The cultivated potato as well as its tuber-bearing relatives are considered model plants for cell and tissue culture, and therefore for exploiting the genetic variation induced by in vitro culture. The association between molecular stability and tissue culture in different genetic backgrounds and ploidy levels has already been explored. However, it still remains to be ascertained whether somaclonal variation differs between callus-derived chromosome-doubled and undoubled regenerants. Our research aimed at investigating, through amplified fragment length polymorphism (AFLP) markers, the genetic changes in marker-banding patterns of diploid and tetraploid regenerants obtained from one clone each of Solanum bulbocastanum Dunal and S. cardiophyllum Lindl (both 2n = 2x = 24) and tetraploids from cultivated S. tuberosum L. (2n = 4x = 48).

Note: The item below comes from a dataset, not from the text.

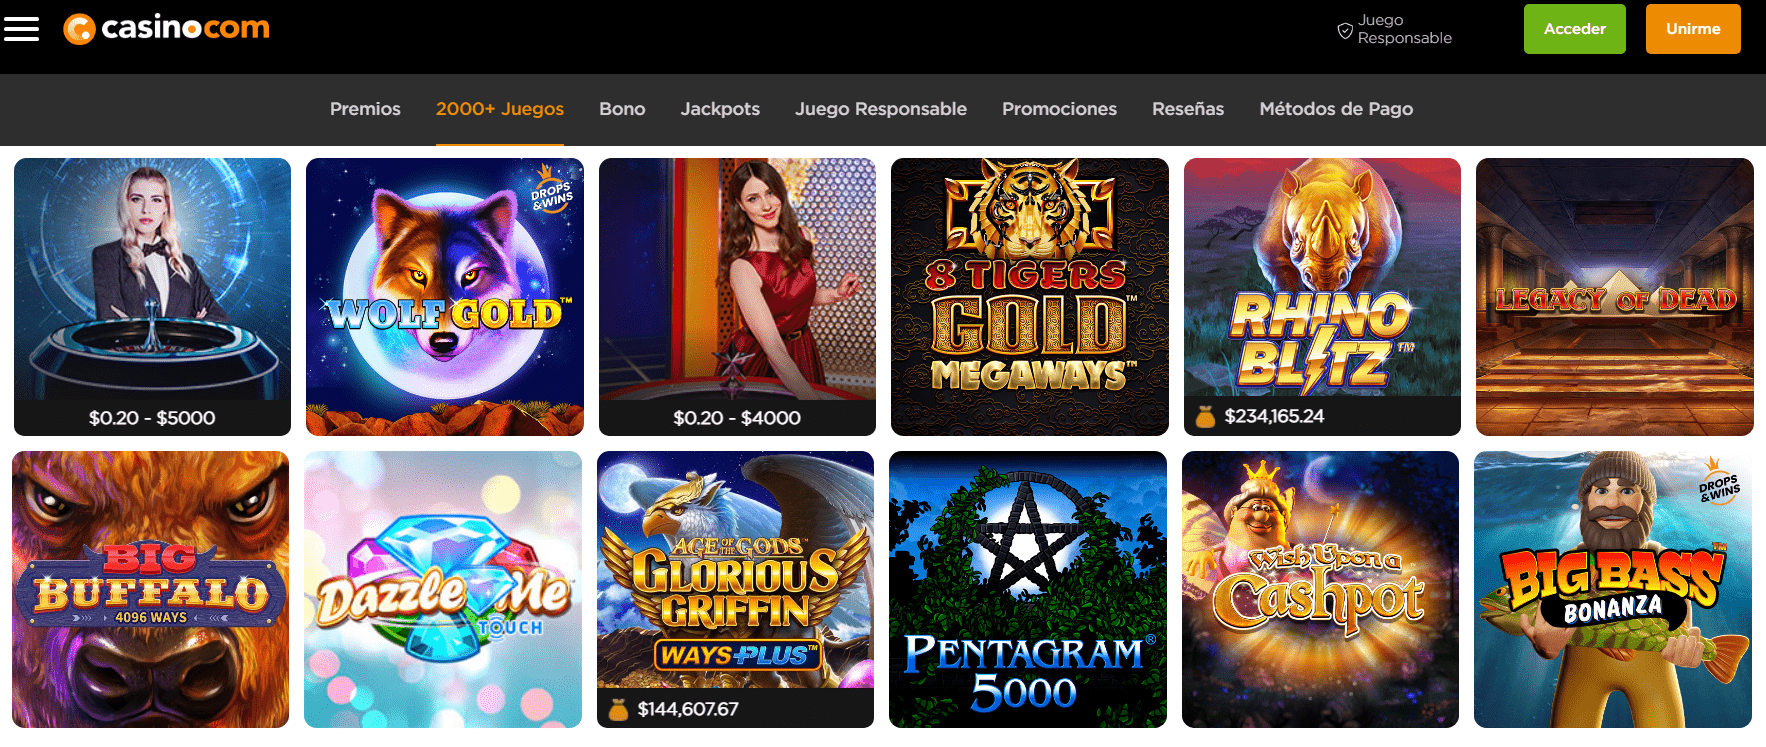 Juegos de Casino.com.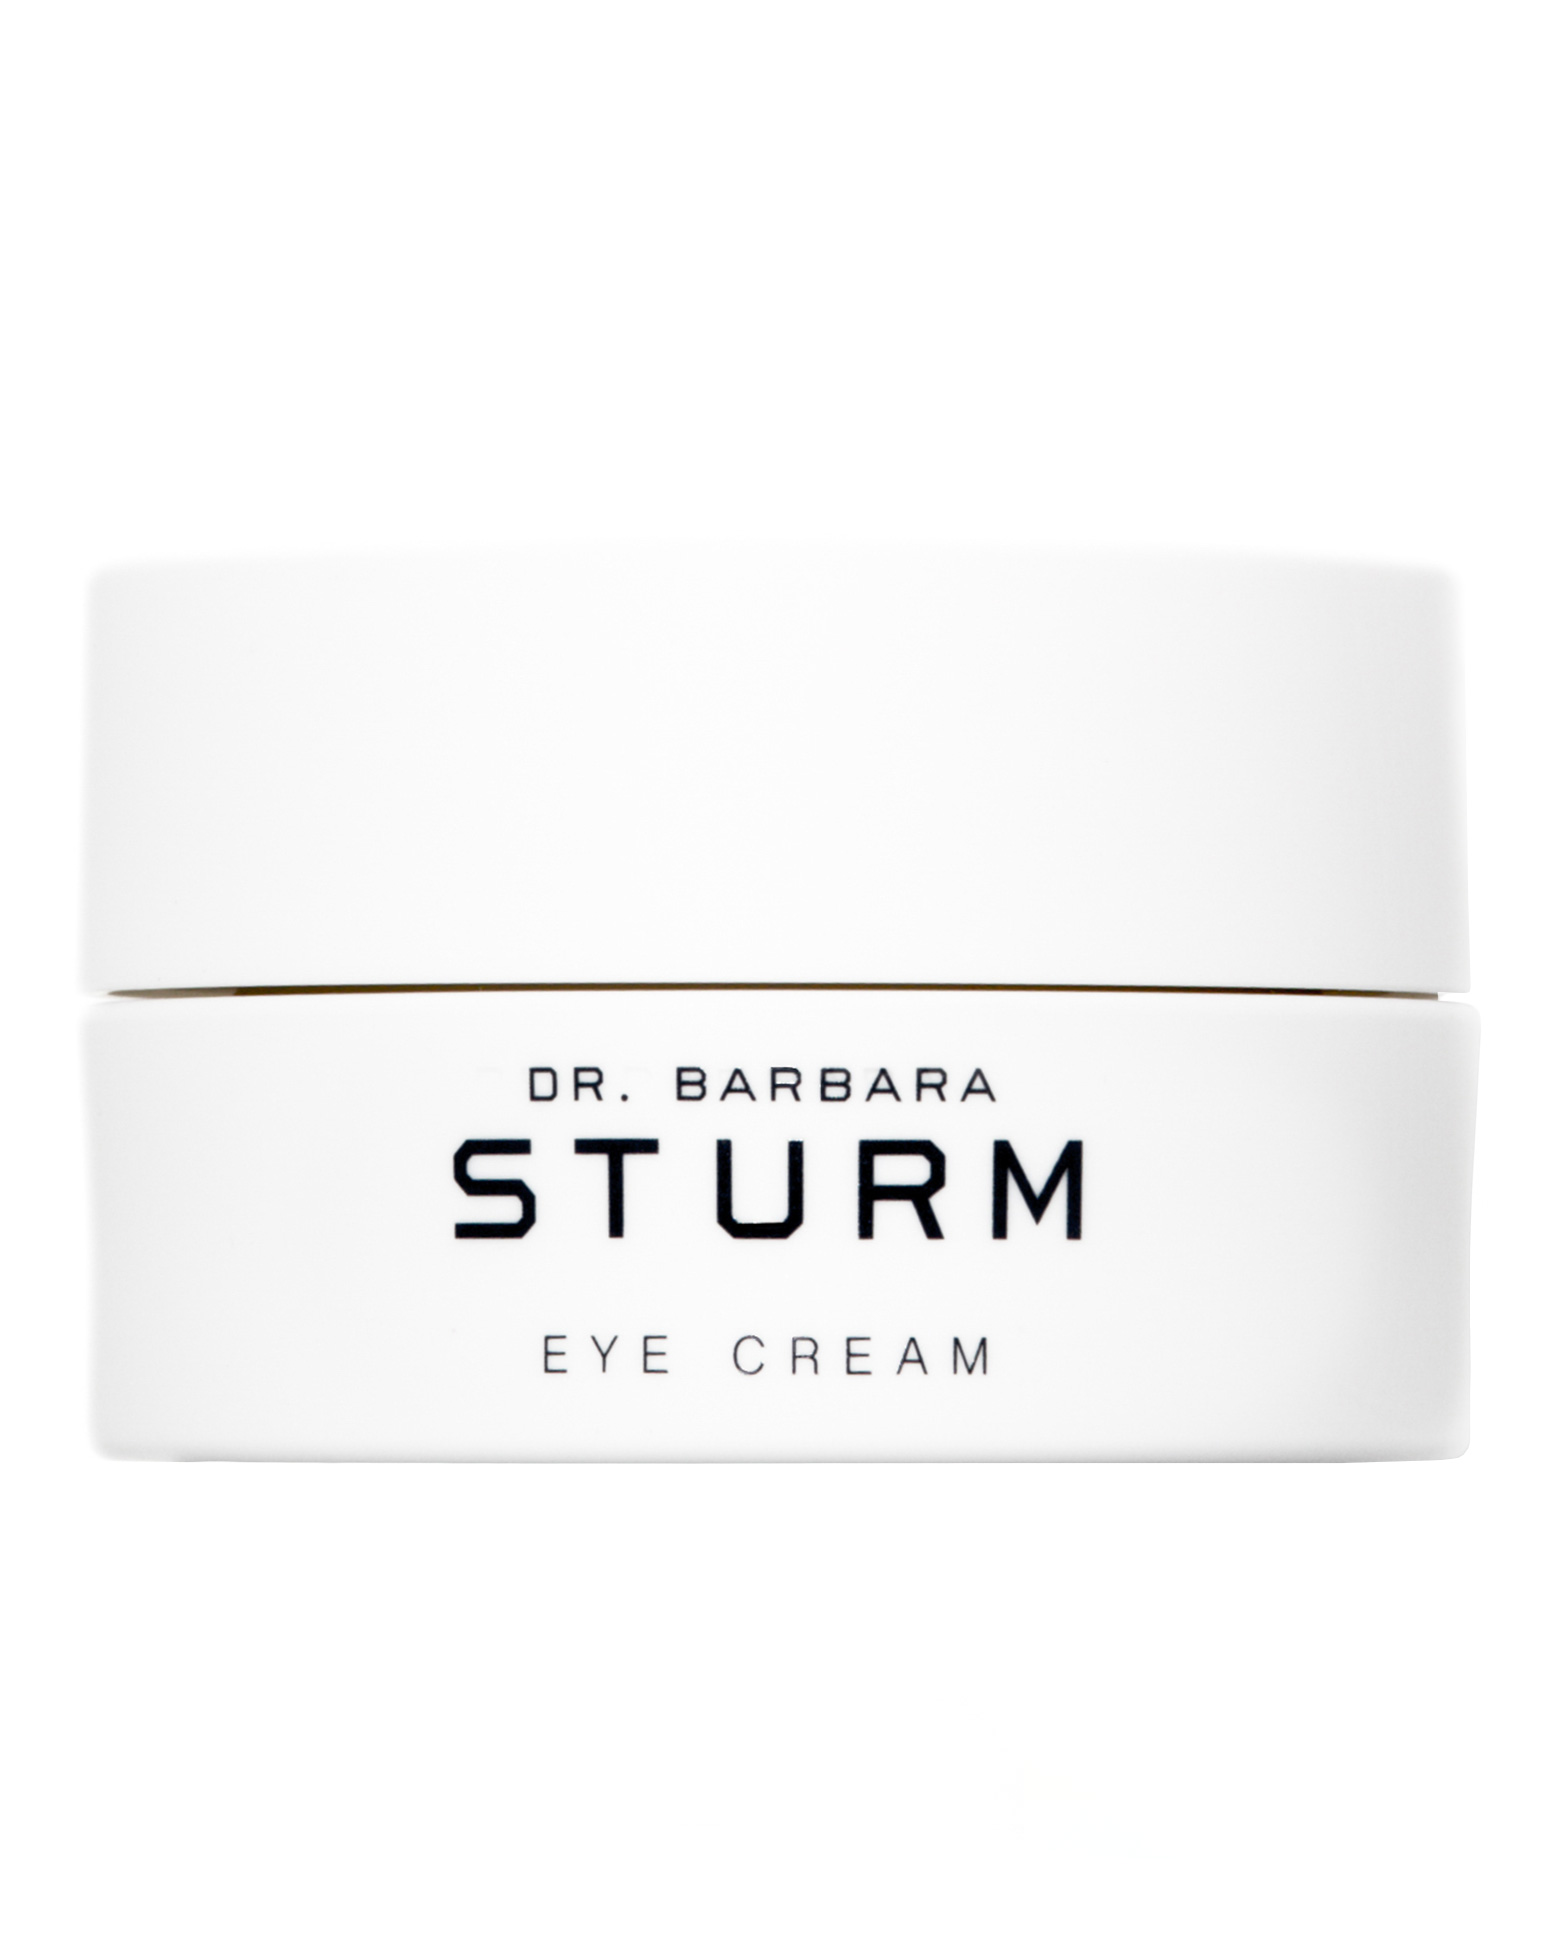 Best eye cream for dark circles: Dr. Barbara Sturm Eye Cream

Pairwise comparisons between the banding patterns of regenerants and parents allowed detecting considerable changes associated to in vitro culture both at diploid and tetraploid level. The percentages of polymorphic bands between diploid and tetraploid regenerants were, respectively, 57 and 69% in S. bulbocastanum and 58 and 63% in S. cardiophyllum. On average, the frequencies of lost parental fragments in regenerants were significantly higher than novel bands both in S. bulbocastanum (48 vs. 22%) and S. tuberosum (36 vs. 18%) regenerants. By contrast, in S. cardiophyllum, a similar incidence of the two events was detected (32 vs. 29%). Our results revealed that structural changes after tissue culture process strongly affected the genome of the species studied, but diploid and tetraploids regenerated plants responded equally.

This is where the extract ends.